Ultrasonic transducer as described in section. 6. According to any one of claims 1 to 5, electronic components for transmitting and receiving ultrasonic signals are integrated in the first matching layer 8. Ultrasonic transducer. 7. The ultrasonic transducer according to claim 5, wherein electronic components for transmitting and receiving ultrasonic signals are integrated in the holder 4. 8 Ultrasonic transducer 12 in one common holder 14
The ultrasonic transducer comprises a holder, on which is arranged a piezoelectric vibrator made of a material with a relatively high dielectric constant and a high acoustic impedance; a first matching layer made of silicon and adjacent to each other; and a second matching layer at least indirectly adjacent to a plane opposite to the piezoelectric vibrator of the first matching layer. Transducer system. 9 Ultrasonic transducer 12 in one common holder 14
9. Ultrasonic transducer system according to claim 8, characterized in that the ultrasonic transducer system is arranged in rows 120 and columns 122 in the form of a matrix on the . 10. Ultrasonic transducer system according to claim 8 or 9, characterized in that it has one common silicon layer as the first matching layer 18 of the ultrasonic transducers 12. 11. Ultrasonic transducer system according to claim 10, characterized in that it has one common PVDF foil as the second matching layer 110 of the ultrasonic transducer 12. 12 characterized in that the first matching layer 18 is provided with grooves 118, 218, 318 and 418 in its plane on the side of the piezoelectric vibrator 6 such that the isolation gap 116 extends into the first matching layer 18; An ultrasonic transducer system according to claim 10. 13 Claim 12, characterized in that a groove 118 having a V-shaped cross section is provided.

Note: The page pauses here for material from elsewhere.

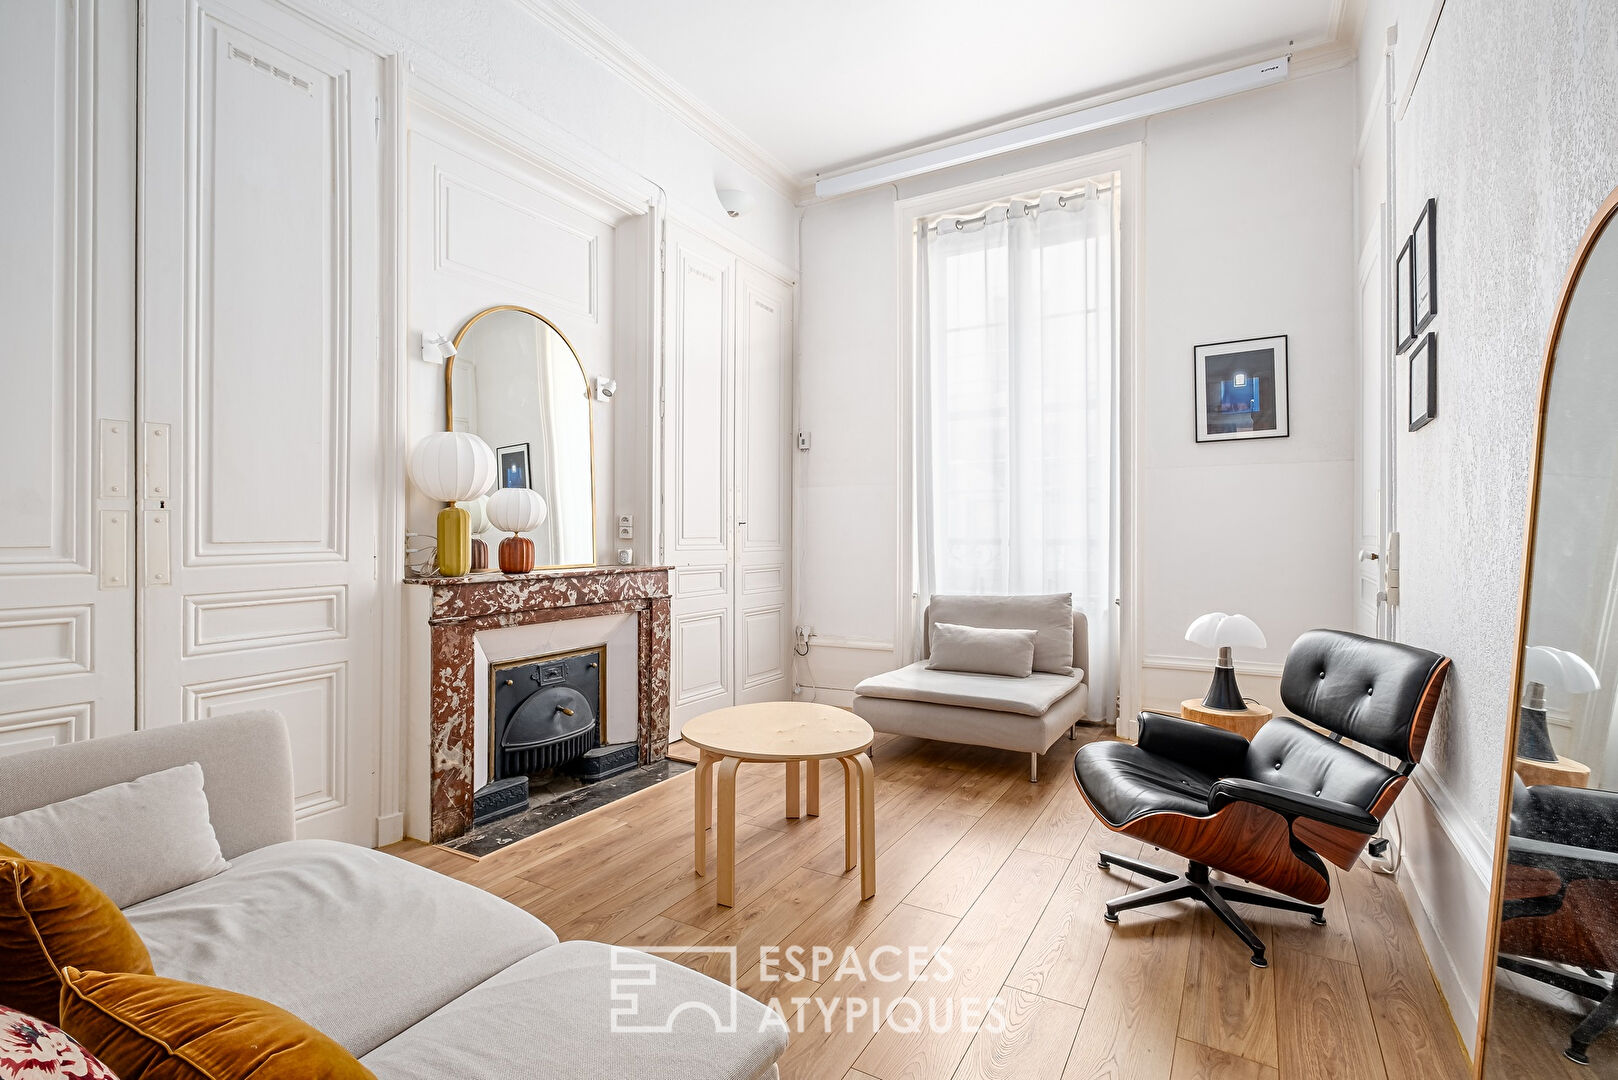 Old renovated apartment in Masséna district

Ultrasonic transducer system as described in Section. 14. Ultrasonic transducer system according to claim 12, characterized in that a groove 218 is provided with a trapezoidal cross section. 15. According to claim 12, the side walls are provided with grooves 318 which first extend parallel to one another, are then inclined to one another, and are then flattened so as to form a trapezoid. Ultrasonic transducer system. 16. Ultrasonic transducer system according to claim 12, characterized in that grooves 418 are provided whose side walls first run parallel to each other and are then inclined towards each other so as to create a V-shape. 17. According to any one of claims 8 to 16, wherein electronic components for transmitting and receiving ultrasonic signals are integrated in the first matching layer 18. Ultrasonic transducer system. 18. The ultrasonic transducer system according to claim 8 or 9, characterized in that electronic components for transmitting and receiving ultrasonic signals are integrated in the holder 14.